Messes come in all shapes and forms, some are minor but seem horrif at the time, others are life threatening and many are damaging on other levels. This time, I'm just talking about common crises that pop up in most lives, although they may be different colored for different people, depending on their circumstances.
Now that this crisis is over, I can talk about it. Living off the grid, east of the Cascades means that our winters are somewhat colder than those in the Sponge, ie Portland, Seattle and significantly colder than Florida, California etc. Don't like hot buildings, it's much healthier living in European style room temperatures. I like indoor temps around 62 degrees, maybe 65, but any warmer than that and it feels too hot. Besides viruses survive in warmer temperatures.
Living in a log cabin, with radiant floor heating sounds plenty cozy, and it normally is. Except when something goes wrong as it recently did. No noisy furnaces blasting uneven heat everywhere...just a gentle warmth that is everywhere.
The other night, why do emergencies always happen at night? We ran out of water. Nothing new there, we pump from a private well into a 1,000 gallon holding tank. While that system could be automated in a perfect world, there's just something about 40 dogs, horses, cats, chickens etc that keep us from enjoying any type of perfection. Back to the story. When we forget to pump into the holding tank and use all of the water we run out. Sometimes we forget when we pump, since summer brings more water usage than does winter.
I knew that we shouldn't be out of water yet, I remembered this time, because during winter I have the thrill of hauling 300 feet of water hoses around to water animals and then draining that same 300 feet so it will be ready for the next water.

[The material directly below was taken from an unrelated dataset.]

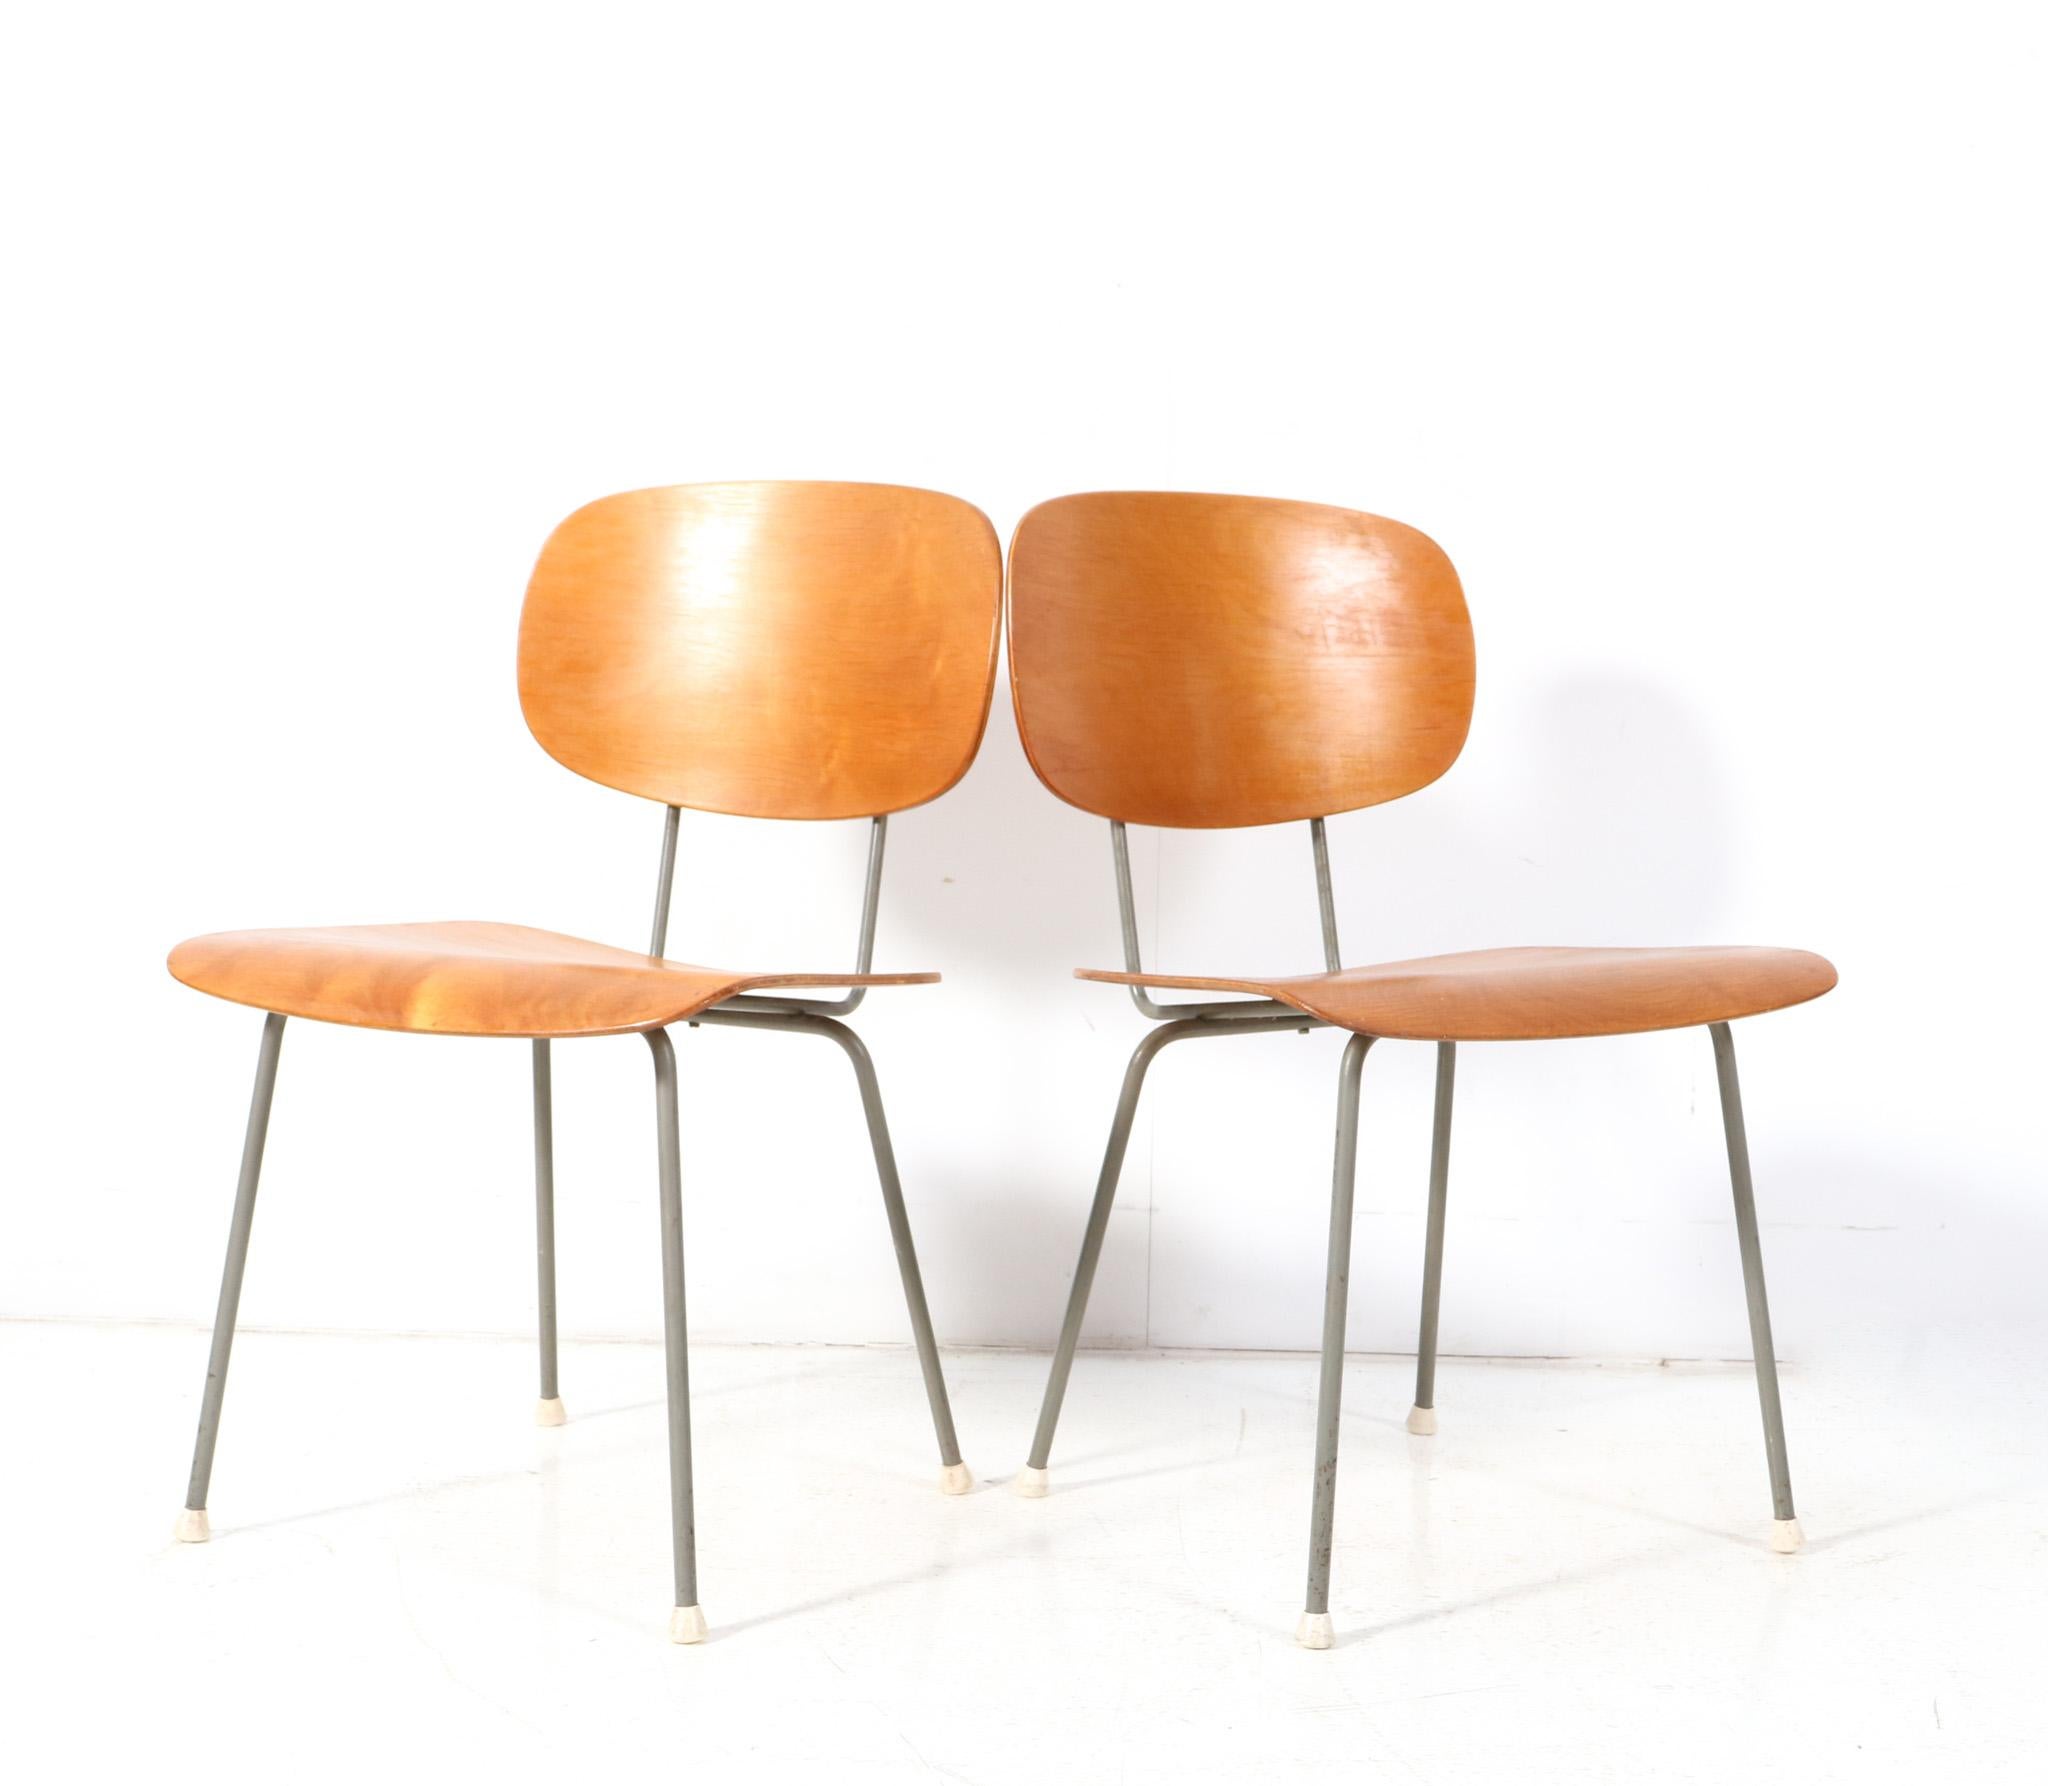 Mid-20th Century Pair of Mid-Century Modern Model 116 Side Chairs by Wim Rietveld for Gispen For Sale

About every other day during the winter is what it takes to keep water troughs and buckets full. So running out before that was a clue that something was wrong.
Well trouble shooting what that something is can take awhile. We put on the thinking caps first, checking the most obvious, ruling them out one by one, until we're left scratching our heads. Maybe we better check the radiant floor heating since we noticed our indoor temps starting to drop. OH NO, there was a minor flood. Not a big deal, it's in an unfinished part of the house. Well, ALL of the house is unfinished, but this is in an unfinished AND uninsulated part. Not a bit deal after all, a hose clamp had come loose and pumped out all of our water and drained our holding tank dry. Refilled and watched and waited, but the temps wouldn't start to regain.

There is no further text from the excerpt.